To hold the control surfaces to angles needed to perform figures, we need to match the airload hinge moments, by shifting pull between the lines, sharing the full value of centrifugal force - split equally at neutral - to more on the 'loaded' line and less on the 'unloaded' line. The pull difference, led through the series of levers (bellcrank line radius, bellcrank pushrod radius, horn radii at each control surface) applies the matching counter moment.
The Netzeband Wall is hit when the pull (basically CF) cannot reach the values needed to hold or increase control surface deflection for conditions. The model does not turn tighter, however much we want it to. If too low, and it opens up... Next model please...
Note: It IS possible to add briefly to pull's CF value by yanking the handle away from the model. (Inertia permits a very brief boost to CF. Paul Walker, in a video I've seen, and in seeing him fly, uses this, quite violently, for corners. It does work!)
2.) Line curvature due to drag: (weight IS uniform, but very small and not sigificant for the following remarks.)
I've seen the curve our lines take in flight called an "accelerated catenary." A simple catenary is the curve we see in a cable suspension bridge, supported at both ends, for a cable of uniform weight load along its length. Our lines, in flight, do not meet a uniform load. Air drag varies with the square of velocity - which, itself, varies from (in effect) zero at the handle, to whatever value exists at the leadout guides.
Incidental to this: If the line pull direction, when it reaches the leadout guides, can be aimed at the CG, we gain. "Moments," again... LINE I and LINE II help for these concepts...
If the line pull aims ahead of the CG, it tends to pull the model's nose "in" toward the flier. And vice versa...
These are 'yaw' disturbances, and at extreme, can cause bad hinging. It is ideal when yaw and roll tendencies are at minimum.
Gyro effects from the propellor and crankshaft, for conventional (CCW rotation props, seen from in front,) ""nitro"" models (flown CCW), cause a nose-out tendency on inside turns, and, again, vice versa.

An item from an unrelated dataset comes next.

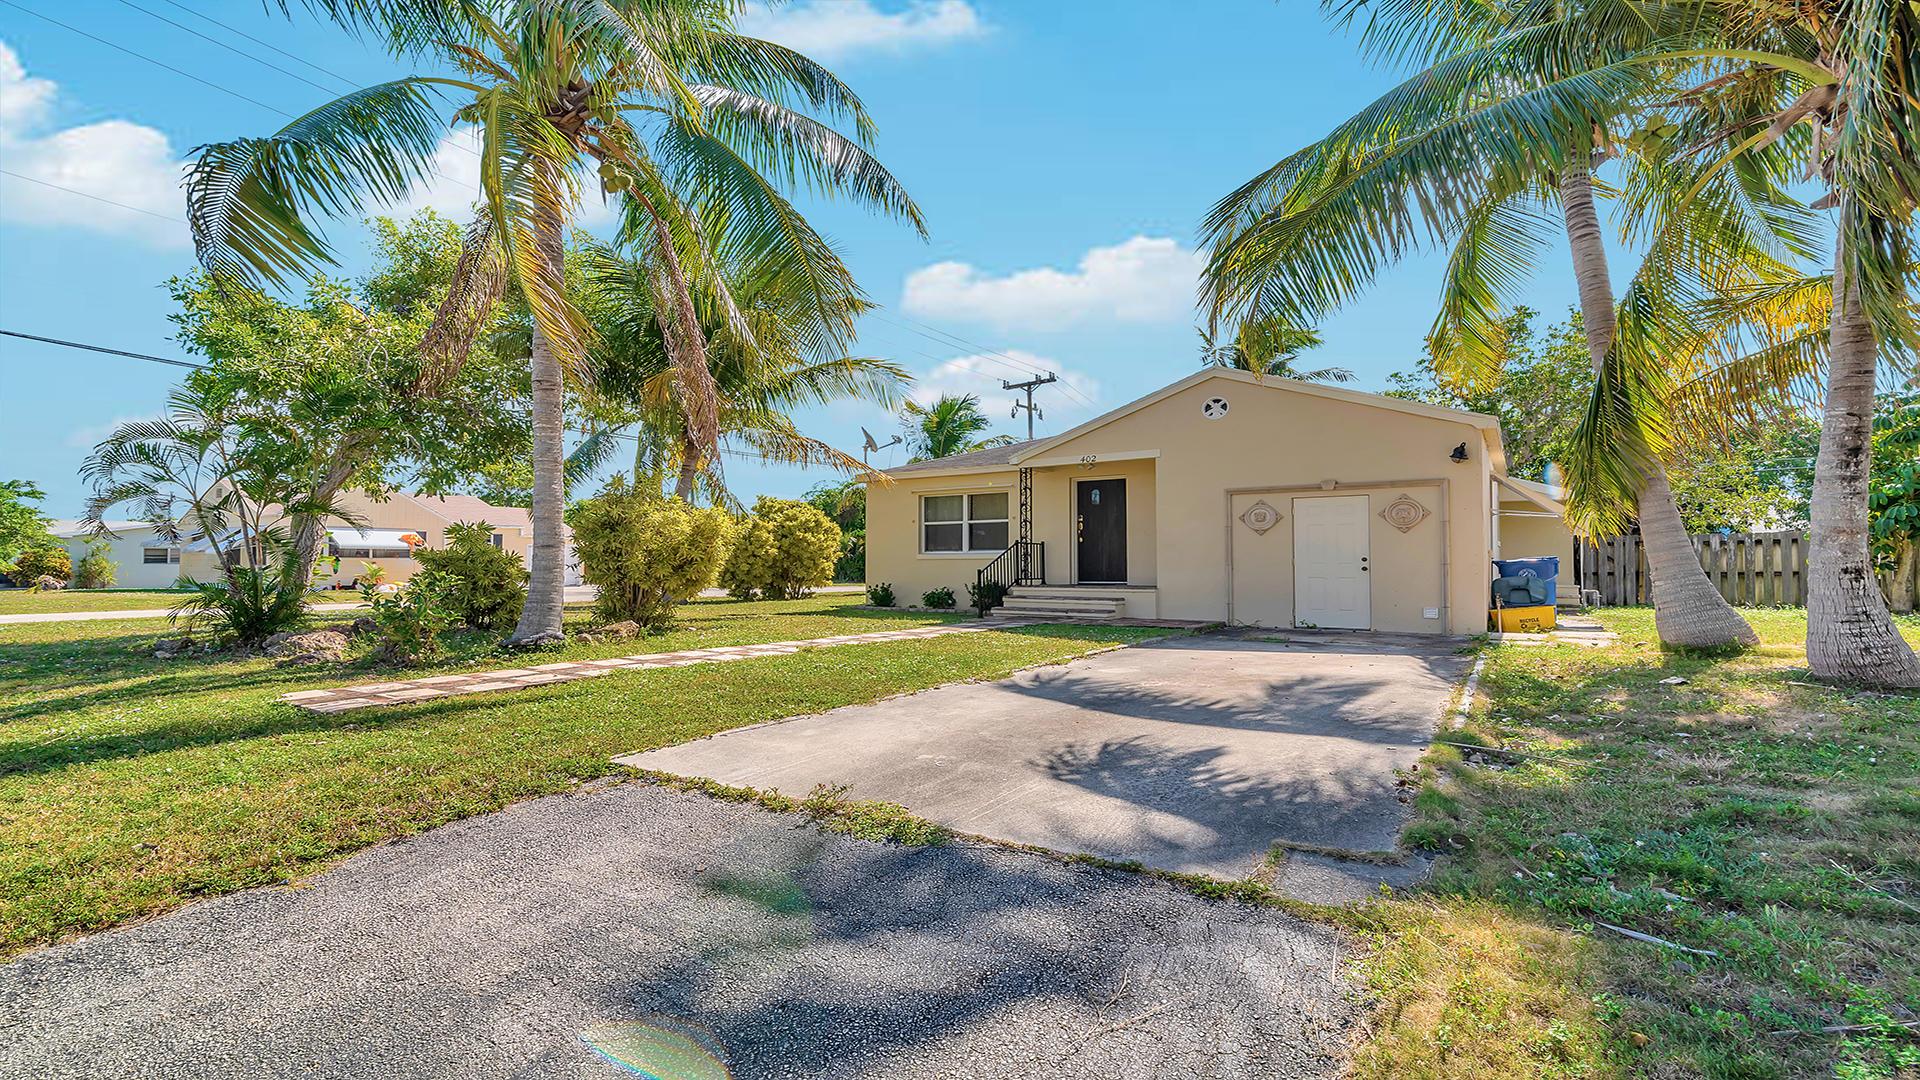 402 W Mango Street Lantana, FL 33462

(It may be possible, if good numbers exist, to spread the leadout guides chordwise enough to reduce, or even counter, the yaw tendencies! For years, I've tried to cancel these for the worst case I could estimate, hoping that that would deal with "lesser included" conditions. I'm no rocket scientist -Howard and Brett are - but my approach seemed to work for my level of seriousness and potential...)
Over to you,Chet...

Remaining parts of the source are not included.